With exploits learned from AI, humans were able to beat a system playing superhuman Go. Talk about artificial intelligence is gaining momentum. But a study has uncovered weaknesses in a Go-playing bot that can beat the world’s best players. The study has called into question the safety and reliability of virtual systems.
How much sense does it make to trust AI?
“The research leaves an important question mark about building robust virtual intelligence that people can trust,” said Huan Zhang, a computer scientist at the University of Illinois Urbana-Champaign. “This is the biggest piece of evidence yet that it is difficult to make advanced models behave as intended,” said Stephen Casper, a computer scientist at the Massachusetts Institute of Technology (MIT).
The analysis, published in June and not yet peer-reviewed, used techniques known as adversarial attacks. These attacks give the virtual intelligence inputs intended to make it wrong, enabling it to make mistakes for malicious purposes.

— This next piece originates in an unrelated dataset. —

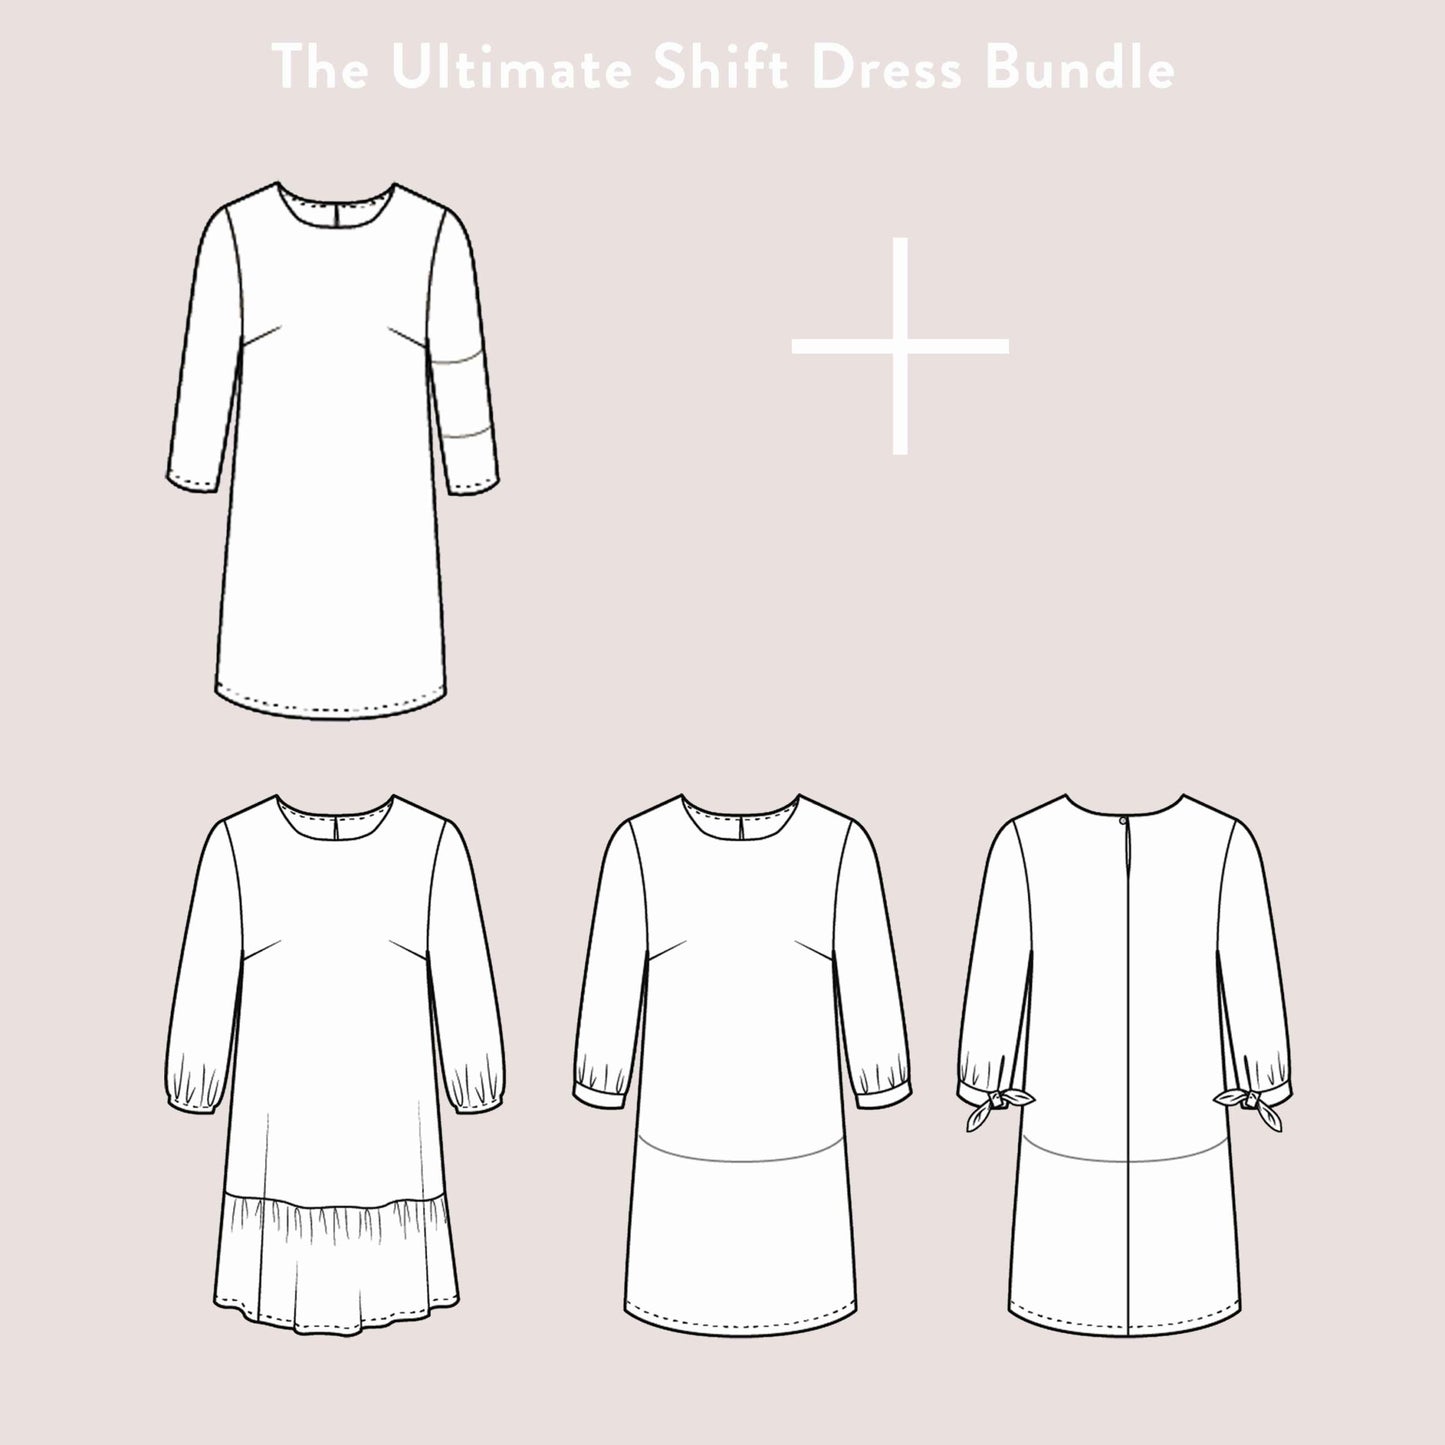 The Ultimate Shift Dress Bundle

In the game of Go, two players take turns placing black and white stones on a grid. They try to surround and capture the other player’s pieces. In 2022, researchers announced that they had trained adversarial virtual intelligence bots to beat KataGo, the best open-source Go-playing virtual system. These bots found vulnerabilities that could regularly defeat KataGo, which comfortably beat the best humans.
Did the study point to a fundamental weakness in KataGo, and therefore in other superhuman-capable virtual intelligence systems? The fact that humans can beat expert AI systems using the tactics of adversarial bots questions whether these systems still make sense.